Given the significance of the 1000 Genome Project's findings and the availability of its data to the public, this data will be used for the purposes of this project. This project will replicate the findings of John Novembre et al. as described in the article "Genes mirror geography within Europe". In this study, genetic variation amongst 3,000 European individuals, collected by the Population Reference Sample project, are investigated. Interestingly, despite relatively low levels of genetic differences amongst the sample, a strong correlation between genetic variation and geographic distances was found. In fact, clustering and plotting each of these individuals closely resembles the map of Europe as the name of the article suggests. However, given that worldwide genetic variation data is available thanks to the 1000 Genome Project, this project will aim to extend these boundaries to not only Europe but the world.

Before beginning the investigation, it is important to evaluate the data at hand through the information provided in the article "A global reference for human genetic variation" published on Nature at https://www.nature.com/articles/nature15393. As previously mentioned, the data set available through the 1000 Genome Project will be used. The data set contains the reconstructed genomes of 2,548 reportedly healthy individuals from 26 self-reported populations in Africa, East Asia, Europe, South Asia, and the Americas. However, The International Sample Genome Resource (IGSR), an organization created to ensure the usability of the data, has expanded the data set to cover more populations. The genomes of the individuals were sequenced using both whole-genome sequencing and target exome sequencing. Variant discovery was of key importance as 24 sequence analysis tools were used along with machine learning techniques to minimize false positives and ensure a balance of sensitivity and specificity. In total, 88 million variant sites appear in the data set. The estimated power to detect SNPs and indels is >99% and >85% respectively for frequencies >1% and is >95% and >80% at frequencies >.5%.
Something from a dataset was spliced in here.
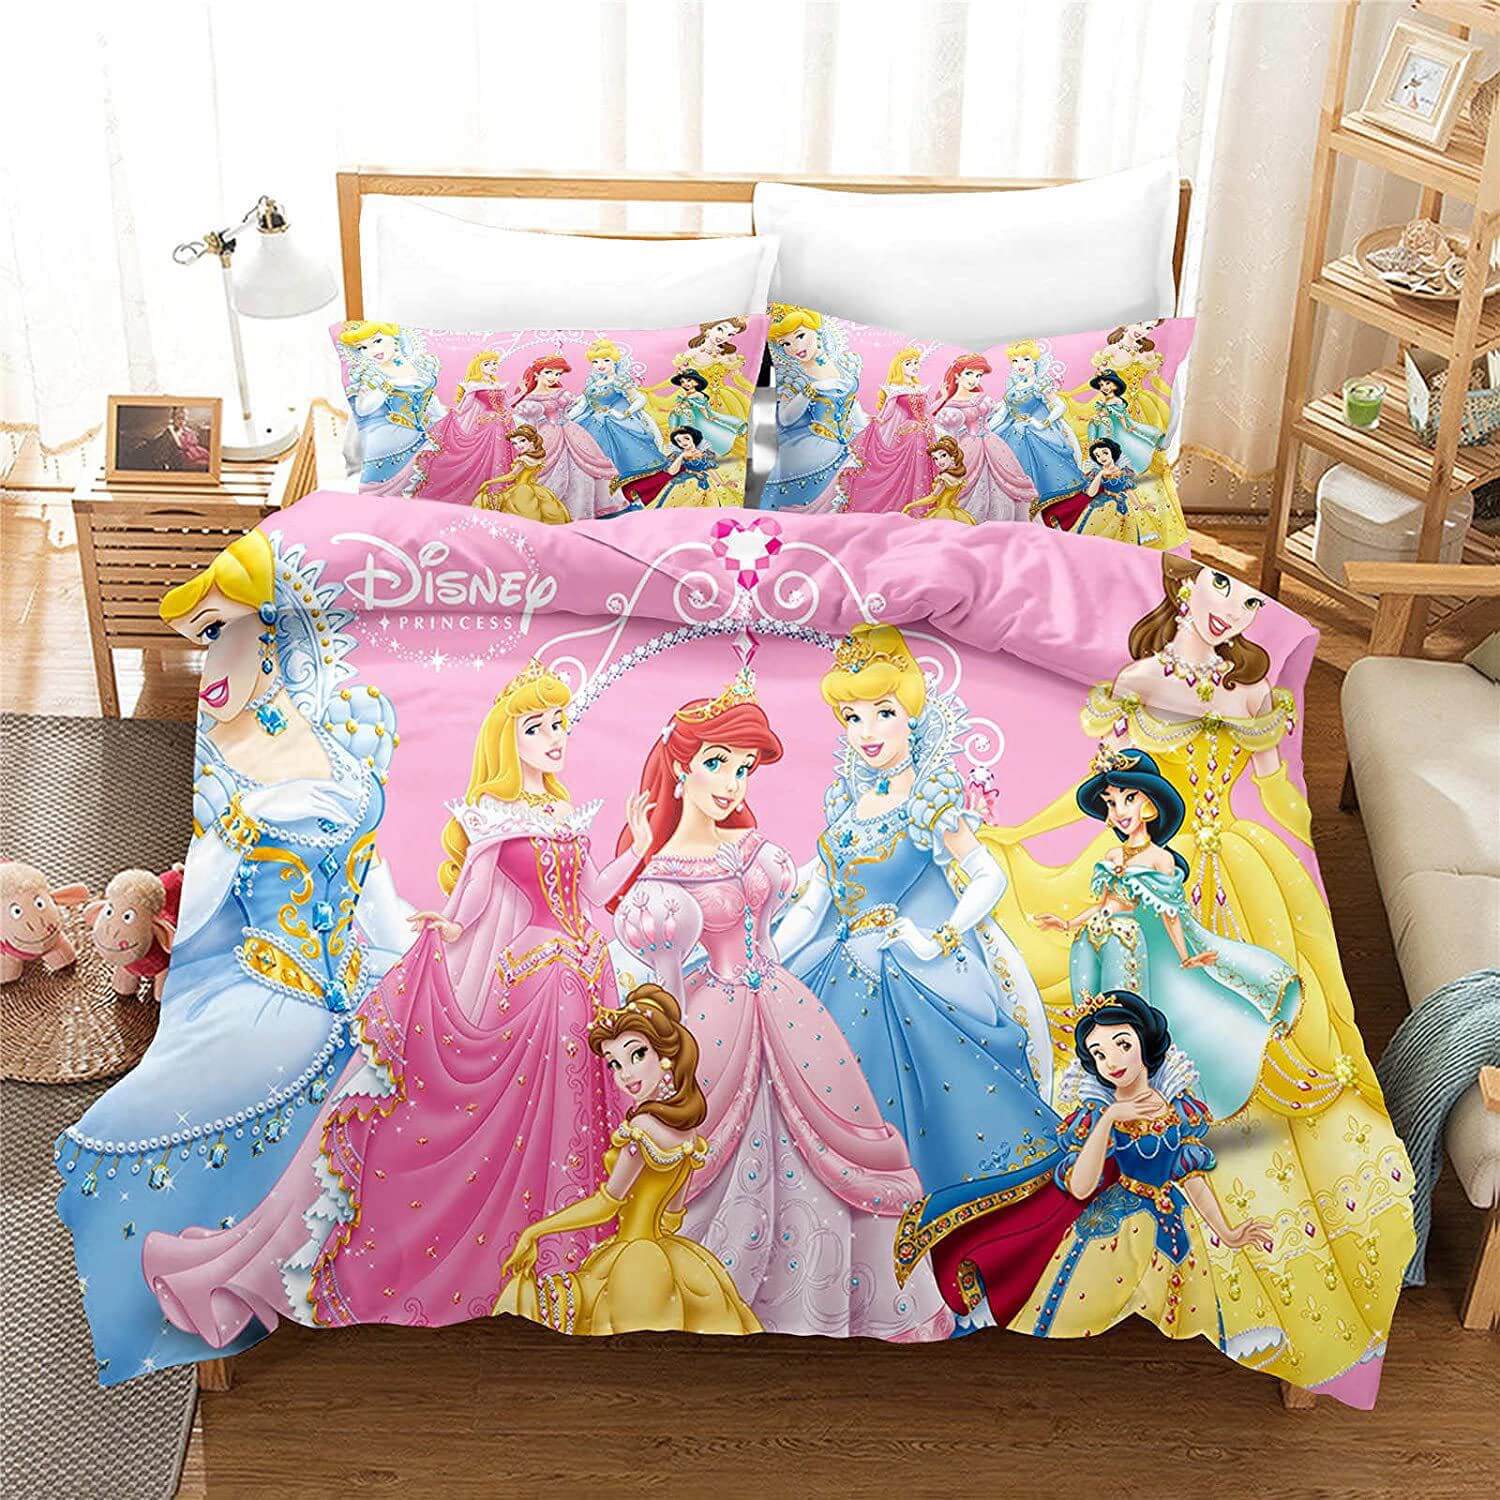 disney princess bedding set duvet cover without filler 5574 ouvpe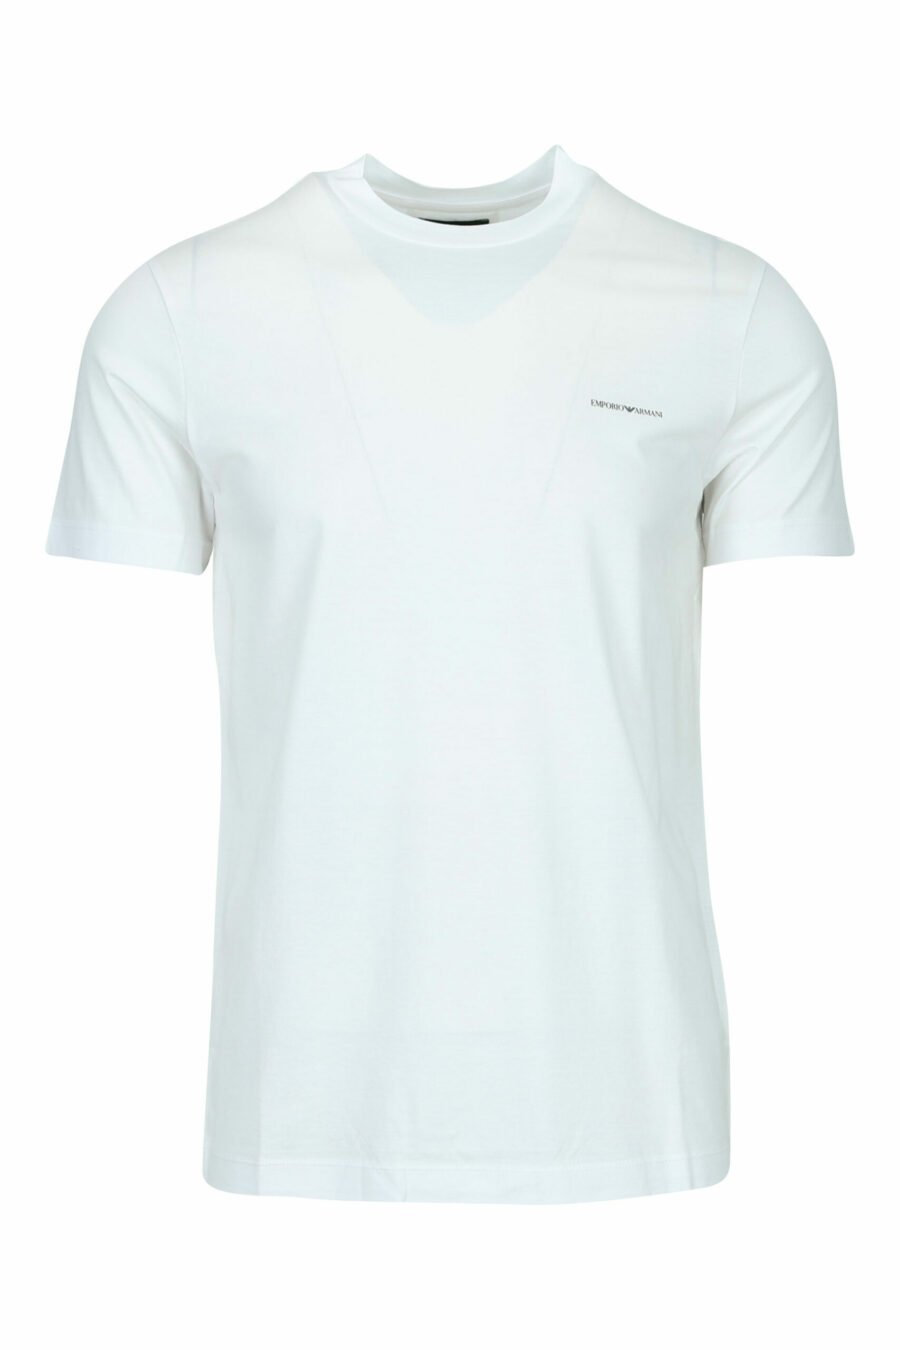 Camiseta blanca con minilogo "emporio" - 8059516200147 scaled

There are also possible issues with the data that may cause biases. First, the thousands of individuals in this data set may not be fully representative of the world population of nearly 8 billion individuals. A larger sample size would of course be better but for the sake of this project, we will be working with the data available through the 1000 Genomes Project. Additionally, there are imbalances in who is represented in the data set. The proportion of African, European, East Asian, South Asian, and Ad Mixed American in the sample are 26%, 20%, 20%, 19%, and 14% respectively. Clearly there are some issues here as Latin American ancestries represent only 14% of the data. In fact, the samples for Latin America were only collected from Puerto Rico and the cities of Los Angeles, Columbia, and Peru. More information on the populations in the data can be accessed at https://www.internationalgenome.org/faq/which-populations-are-part-your-study/. It must also be noted that errors may  exist in the data set as the technologies that sequence and generate them are not perfect.  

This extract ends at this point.